Stovetop Ratatouille

This simple and speedy version of the classic French ratatouille relies on braising to bring out flavorful natural juices. Like soups and casseroles, it tastes lovely served hot with warm rosemary bread, and even better the following day, served cold with a garden salad and ripe peaches.

Braised Ratatouille

2 tablespoons fruity olive oil
3 cloves garlic, chopped
1 teaspoon minced thyme
1 teaspoon minced oregano
1 teaspoon fennel seeds
1 large onion, chopped
1/2 teaspoon sea salt
4 cups eggplant, cut in 1-inch dice
3 cups diced tomatoes, with juice
2 red bell peppers, thinly sliced
2 green bell peppers, chopped
2 medium zucchini, cut in 1-inch dice
1/4 teaspoon hot or smoked paprika
1/2 cup chopped basil

In a wide, shallow pan, cook oil, garlic, thyme, oregano and fennel seeds over medium high heat for 1 minute.
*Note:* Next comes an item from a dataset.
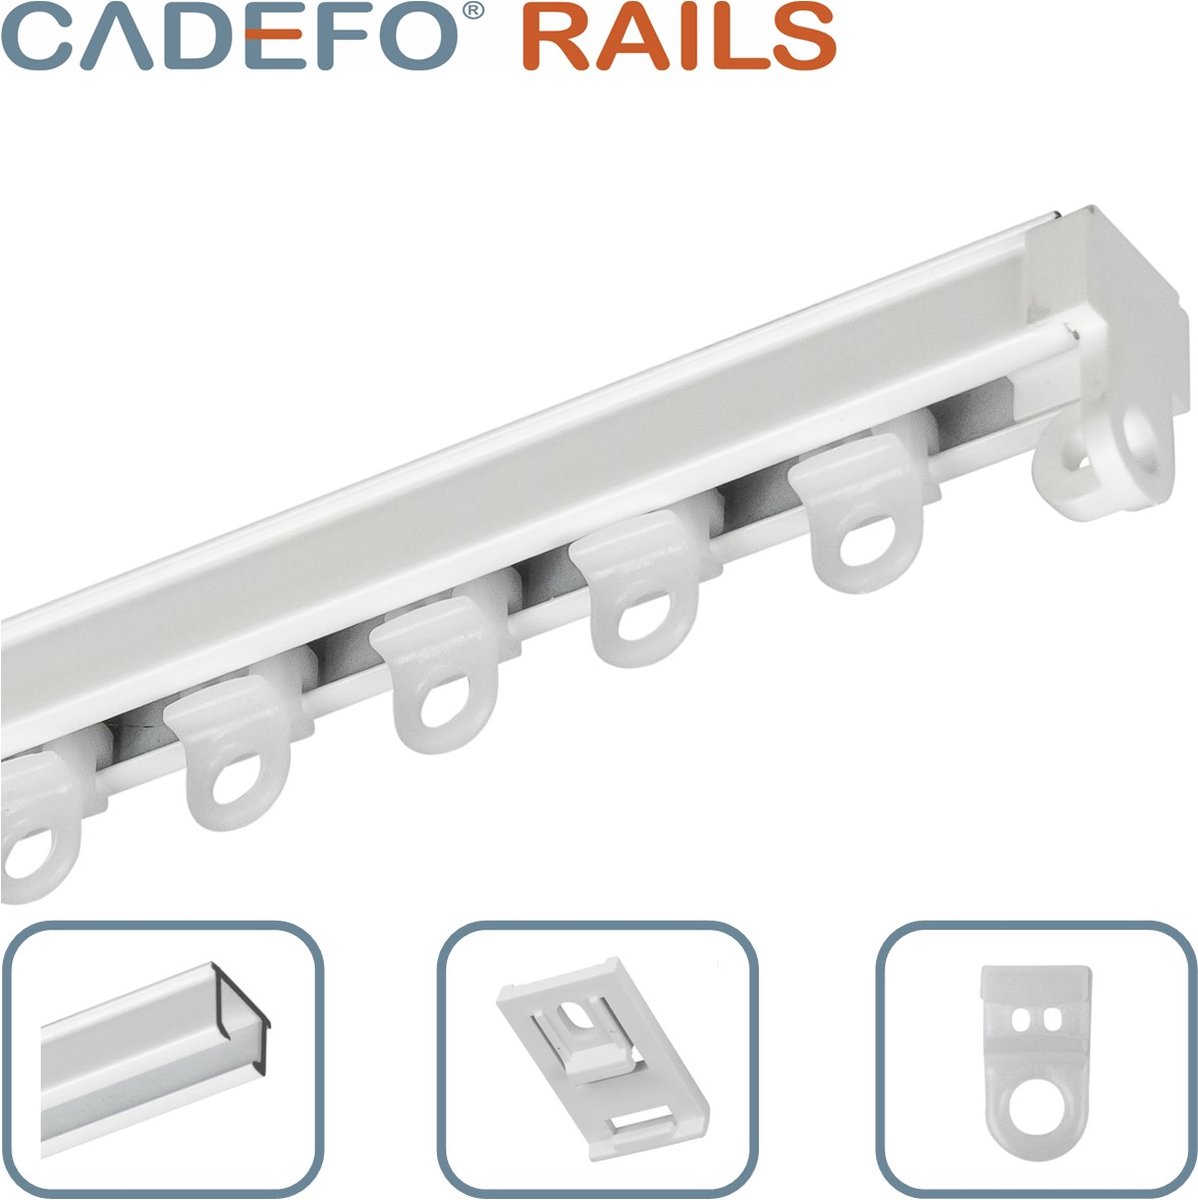 CADEFO RAILS (351 - 400 cm) Gordijnrails - Compleet op maat! - UIT 1 STUK - Leverbaar tot 6 meter - Plafondbevestiging - Lengte 369 cm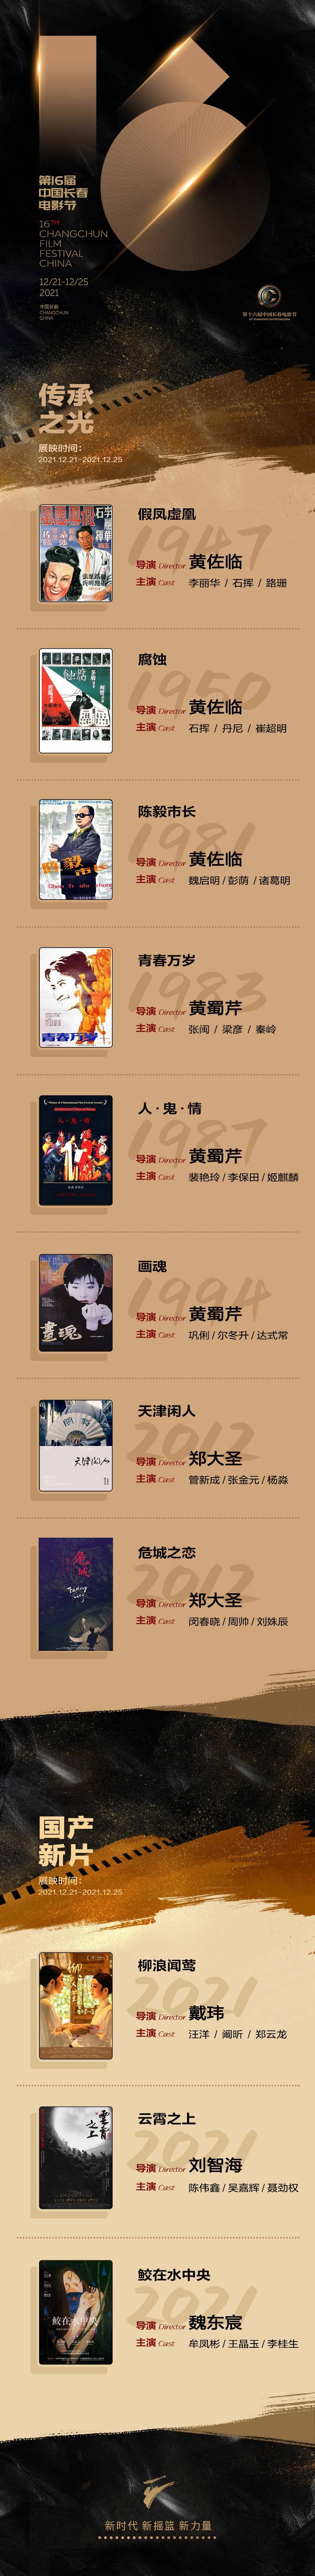 第16届中国长春电影节公布片单 共设8个主题展映单元

Add onion, sprinkle with salt and cook for 3 minutes. Add eggplant and tomatoes, stir to coat, cover pan, reduce heat to medium low and cook for 5 minutes. Add peppers and zucchini, cover pan and cook for 5 minutes. Stir in paprika, uncover pan, and simmer over medium heat until vegetables are tender but not mushy (shapes should remain distinct; about 15 minutes). Serve hot, garnished with basil. Serves 4-6.

Making The Most Of The Big Beasts

When giant zucchini are discovered, many cooks turn them into zucchini bread. This heathy baked version of a classic Italian dish converts monster zucchini into a tastes-like-more crowd pleaser. Reheat any leftovers in a low oven (225-300) to avoid turning the cheeses into plastic (!).

Baked Zucchini Parmesan

2 tablespoons fruity olive oil
2 cloves garlic, chopped
1 teaspoon minced oregano
1 large onion, sliced
1/4 teaspoon dried hot pepper flakes
1/2 teaspoon sea salt
1-2 large zucchini, sliced in 1/2 inch thick rounds
2 cups chopped tomatoes
1 quart pasta sauce (I use homemade marinara)
12-16 ounces fresh mozzarella, thinly sliced
2-3 cups coarsely grated Parmesan cheese

In a wide shallow pan, combine oil with garlic, oregano, onion, pepper flakes and salt over medium heat and cook for 1 minute. Add zucchini slices and cook for 5 minutes, turning once. Layer zucchini slices into a 13 x 9 inch baking pan in rows, overlapping slices a bit to fill pan completely. In stovetop pan, add tomatoes, bring to a simmer and cook for 10 minutes. Add pasta sauce, simmer for 5 minutes, then pour over zucchini. Layer on mozzarella and sprinkle with Parmesan cheese. Bake at 350 degrees F until bubbly and golden (45-50 minutes). Let stand 10-15 minutes, then serve hot. Serves 8-10.